Os movimentos ocorreram enquanto os futuros do cacau negociados em Nova York subiram acima de US$ 10 mil (mais de R$ 60 mil) por tonelada, continuando uma alta vertiginosa que começou há um ano. No auge em abril, os preços do ingrediente chave do chocolate ultrapassaram US$ 12 mil (R$ 74 mil) por tonelada, um aumento quase três vezes maior desde janeiro.
Produtores na África Ocidental, que produzem mais de dois terços do cacau mundial, enfrentaram um duplo golpe de doenças e condições climáticas adversas, impulsionadas pelas mudanças climáticas, o que reduziu a produção e aprofundou a escassez global de grãos.
“Se não mudarmos a forma como obtemos cacau, não teremos chocolate em duas décadas”, disse Michal Beressi Golomb, CEO da Celleste Bio. Com o cacau cultivado em laboratório, a indústria “não precisará depender da natureza”, acrescentou.
Folha Mercado
Receba no seu email o que de mais importante acontece na economia; aberta para não assinantes.
Escassez global e preços recordes estão impulsionando um aumento do interesse de empresas de chocolate e confeitaria, bem como investimentos, de acordo com Golomb. “Eles estão realmente preocupados em ter um fornecimento sustentável e consistente de cacau de qualidade”, disse ela. “Todo mundo quer fazer parte da festa.”
A empresa israelense, que foi estabelecida em 2022, é uma de um grupo crescente de startups que usam tecnologia de cultura celular para evitar a necessidade de métodos agrícolas tradicionais que são vulneráveis às mudanças climáticas e à instabilidade do mercado.

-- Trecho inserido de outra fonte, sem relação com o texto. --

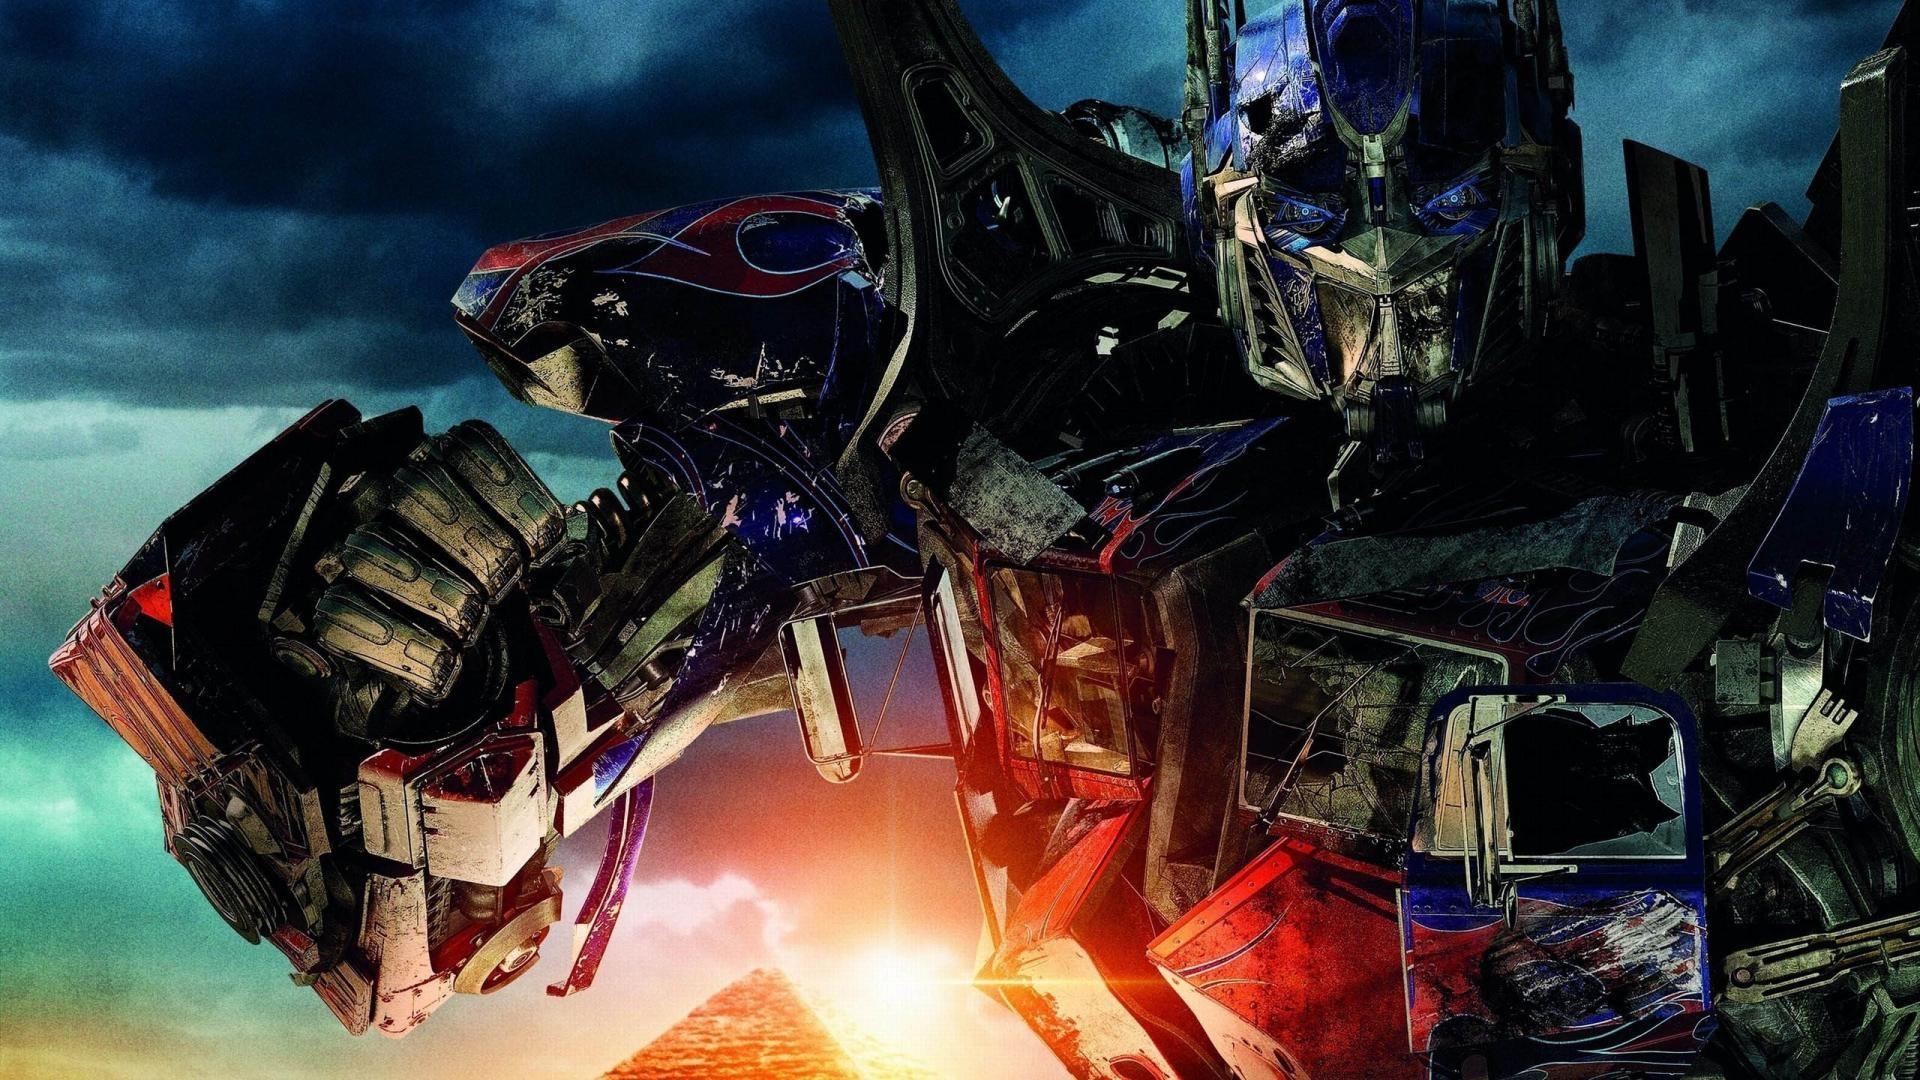 Transformers: Age of Extinction (2014) - IMDb

Essas inovações também podem fornecer uma solução para desafios regulatórios, como o novo regulamento de desmatamento da UE, que exige prova de que commodities como o cacau não foram cultivadas em terras desmatadas, adicionando mais pressão às cadeias de suprimento e preços.
Outros grupos estão buscando como fazer doces com ingredientes crus alternativos e mais facilmente obtidos. No ano passado, a confeitaria finlandesa Fazer lançou uma edição limitada de “chocolate” sem cacau feita de centeio maltado local e óleo de coco. Desde 2022, a empresa com sede em Helsinque também está trabalhando com o VTT, centro de pesquisa estatal da Finlândia, para cultivar vagens de cacau cultivadas em laboratório.

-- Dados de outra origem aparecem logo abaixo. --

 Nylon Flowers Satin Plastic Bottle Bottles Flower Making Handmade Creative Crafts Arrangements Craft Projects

“Quase quatro anos atrás, a pesquisa nos disse que as mudanças climáticas impactariam a disponibilidade e o preço do cacau”, disse Annika Porr do Forward Lab da Fazer Confectionery. “Este ano, isso se tornou uma realidade.”
Em outros lugares, a Cargill, a maior comerciante de commodities agrícolas do mundo, no ano passado fez parceria com a startup Voyage Foods, que produz alimentos sustentáveis como chocolate e pastas de nozes sem seus ingredientes tradicionais de cacau, amendoins e avelãs. Isso é feito usando sementes de uva, farinha de proteína de girassol, açúcar, gordura e sabores naturais.
“Os preços do cacau não estavam nas notícias quando começamos. A maioria das pessoas provavelmente nos EUA ou no Reino Unido não poderia apontar onde o cacau era cultivado. E agora, com os preços em alta, é muito mais fácil ver por que isso é necessário”, disse Adam Maxwell, CEO da Voyage Foods.
Os consumidores estavam procurando por “indulgências ainda mais sustentáveis, que tenham um ótimo sabor e sejam produzidas sem alérgenos de nozes ou laticínios usados na formulação da receita”, acrescentou a Cargill.
Enquanto o preço do açúcar —cuja produção não está incluída nas regras da UE— permaneceu relativamente estável, a indústria também enfrenta crescente pressão para abordar sua pegada ambiental e atender à demanda dos consumidores por opções mais saudáveis.
A Tate & Lyle, que antes era produtora de açúcar e agora tenta se tornar uma redutora de açúcar, está trabalhando com a startup BioHarvest Sciences para desenvolver adoçantes sintéticos derivados de células vegetais.
A BioHarvest Sciences investiu US$ 100 milhões (R$ 600 milhões) nos últimos 17 anos para desenvolver a tecnologia, que extrai e depois amplifica compostos vegetais críticos que impulsionam a doçura enquanto suprimem sabores amargos.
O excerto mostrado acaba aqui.